II- Assim, encontrando-se a proibição da litigância de má fé o seu fundamento num princípio de natureza puramente processual, que é o princípio da cooperação consignado no artigo 7º e seguintes do C.P.C., não estão nela em causa violações de posições de direito substantivo, mas sim e apenas ofensa a posições ou deveres processuais, com vista a prosseguir e acautelar um interesse público de respeito pelo processo, pelo tribunal e pela justiça, em ordem a assegurar a moralidade e eficácia processual, com reforço da soberania dos tribunais, respeito pelas suas decisões e prestígio da justiça.
Decisão Texto Integral:
Acordam, em conferência, no Tribunal da Relação de Guimarães.

I – RELATÓRIO.

Recorrente: “Empresa X – Construção e Gestão Imobiliária, Ld.ª
Recorrido: “Serralharia A, Unipessoal, Ldª”.

Tribunal Judicial da Comarca de Braga – Instância Central Cível de Guimarães, J4.

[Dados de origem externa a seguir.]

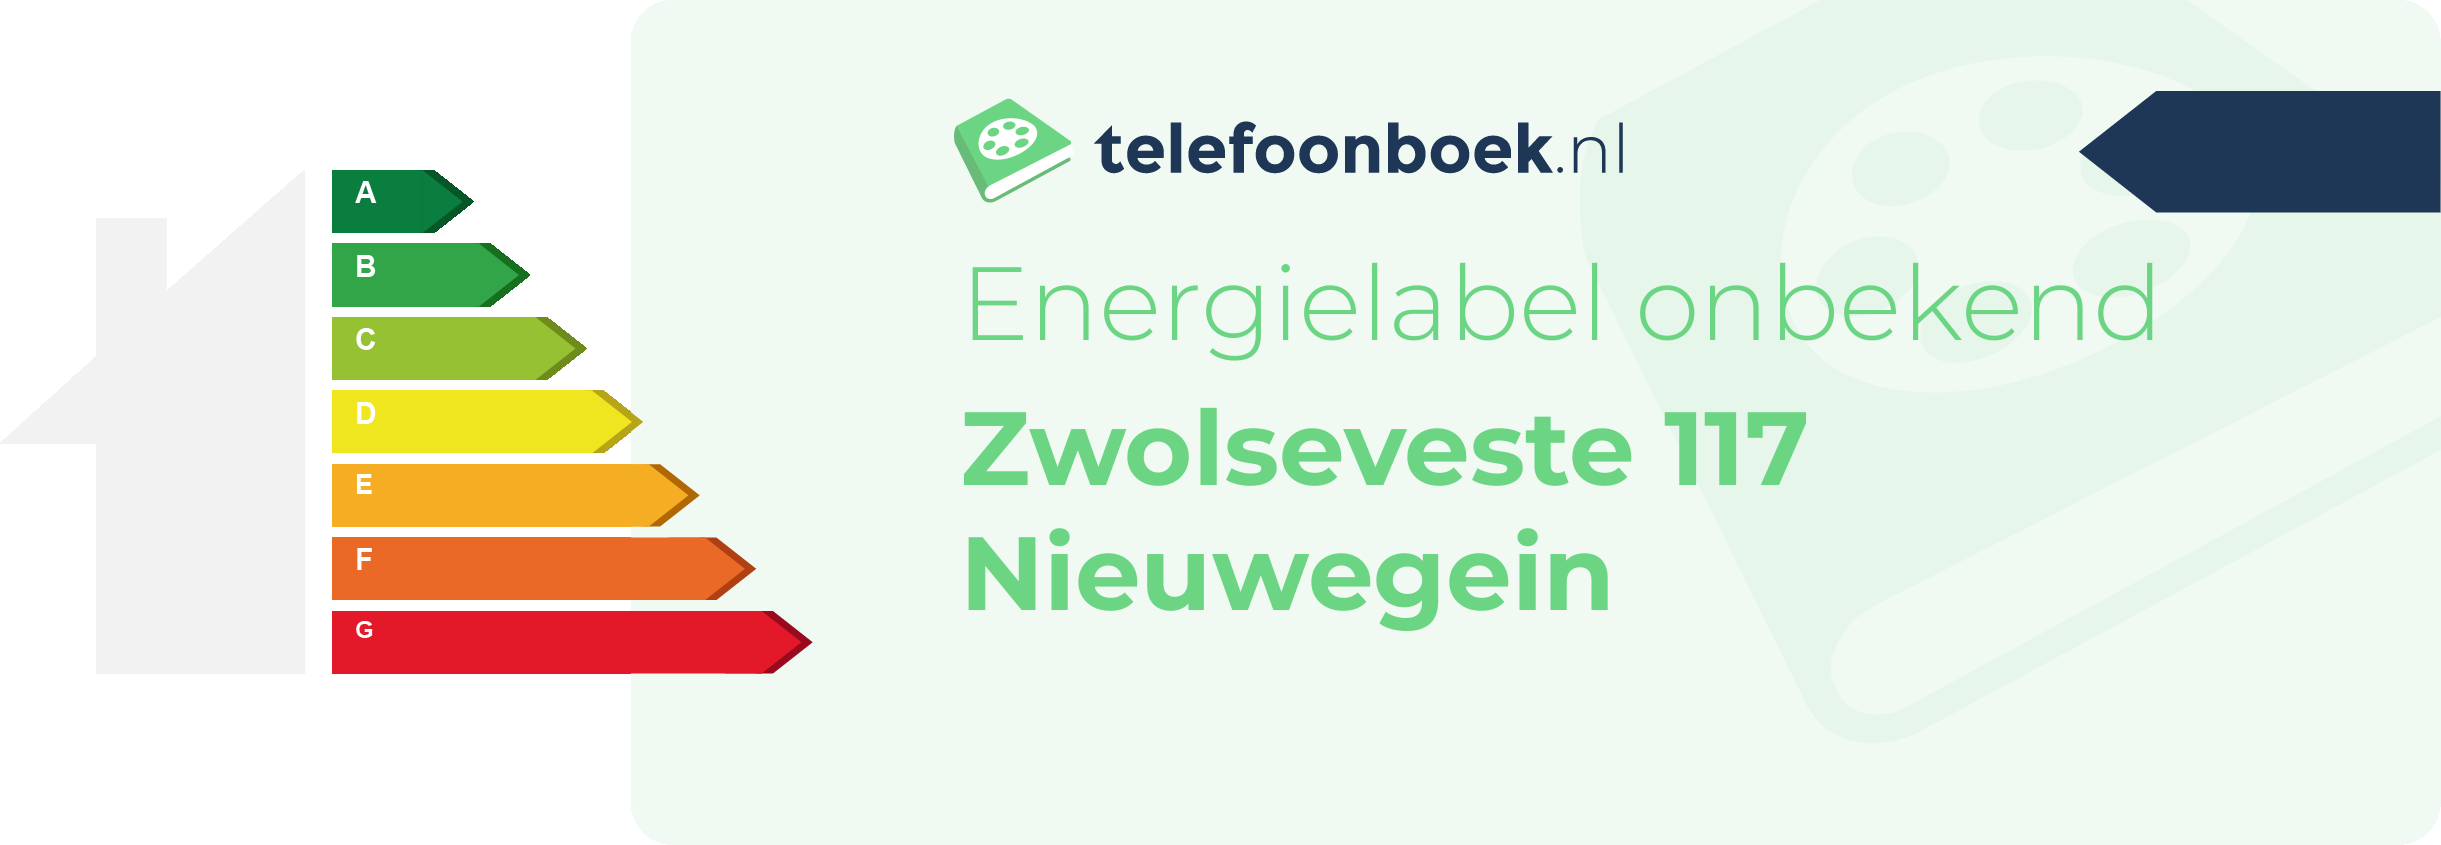 Energielabel Zwolseveste 117 Nieuwegein
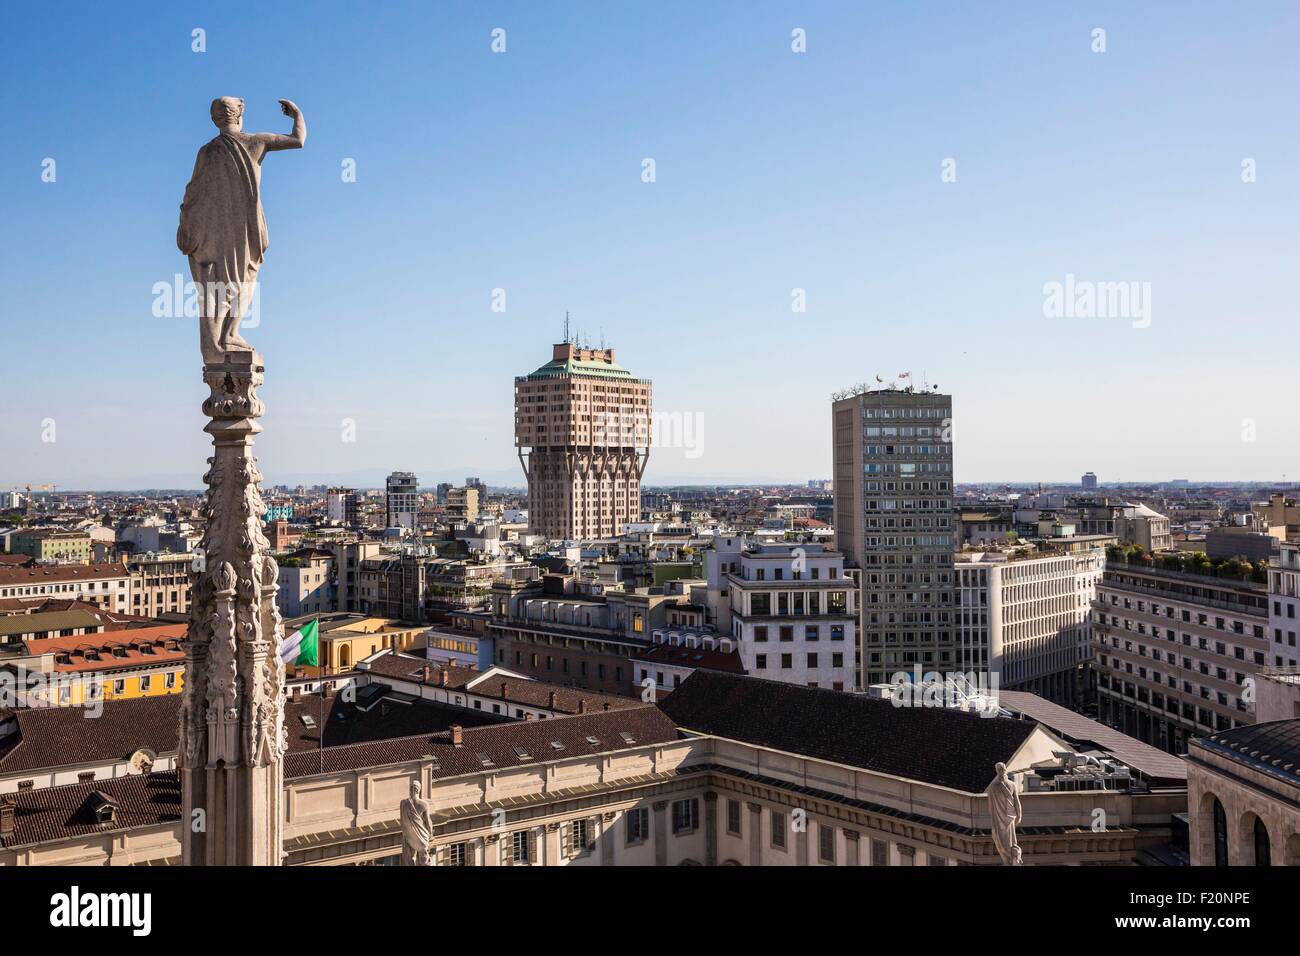 L'Italie, Lombardie, Milan, une flèche et statue de Duomo vu depuis la terrasse située sur le toit de la cathédrale en vue de la tour Velasca Banque D'Images

Nos presentes autos em que é Autora “Serralharia A, Unipessoal, Ldª”, Com sede no …, em Cabeceiras de Basto, e Rè, “Empresa X – Construção e Gestão Imobiliária, Ld.ª”, por decisão proferida nos autos foi esta última considerada litigante de má fé e enquanto tal condenada em multa que foi fixada em 60 UC.
Inconformados com esta decisão, dela interpôs recurso a Ré, sendo que, das respectivas alegações desses recursos extraiu, em suma, as seguintes conclusões:

1- A recorrente vem condenada como litigante de má-fé por alegadamente ter falseado a verdade quanto ao negócio (preço e demais condições) que envolveu o apartamento, bem como quanto ao fato de ter pago à A. o produto dessa venda.
2- Essa tese é desmentida pelo erro de julgamento, porquanto, muito embora sem operarem o convencimento do Tribunal, tais factos foram corroborados pelo legal representante da aqui recorrente, por uma testemunha e pelo resultado da prova pericial requerida pela recorrente.
3- A prova produzida em sede de julgamento por banda da recorrente não foi valorada pelo Tribunal no sentido de provar tal pagamento, não significando, porém, que tal pagamento não tivesse ocorrido.
4- A prova pericial logrou provar a genuinidade das assinaturas dos documentos de fls. 92 a 94, provando desse modo o pagamento alegado nos seus articulados.
5- Não resulta dos autos que a recorrente tenha agido com dolo, tenha deduzido pretensão descabida e sem fundamento ou tenha alterado deliberadamente a verdade dos factos.
6- Nos autos estavam em confronto duas teses, tendo o Tribunal acolhido uma em detrimento da outra.
7- Se a tese da sentença fizesse caminho jurisprudencial, passaríamos a ter uma proliferação de condenações como litigantes de má-fé, porquanto as decisões implicam regra geral, o vencimento de uma tese e a sucumbência da outra.
8- Na sentença acometida, parece fazer-se apelo subliminar a um conceito de litigância de má-fé baseada na ideia simplista de que os factos não provados geram automaticamente essa litigância.
9- Ora, para efeitos de Iitigância de má-fé, facto não provado não é sinónimo de facto inexistente - Ac R.P. 19/04/88 801.377/554 ou Ac. R.C. 14/02/89 801.384/671.
10- A sentença sub judicio violou o disposto no artigo 542º do Código de Processo Civil.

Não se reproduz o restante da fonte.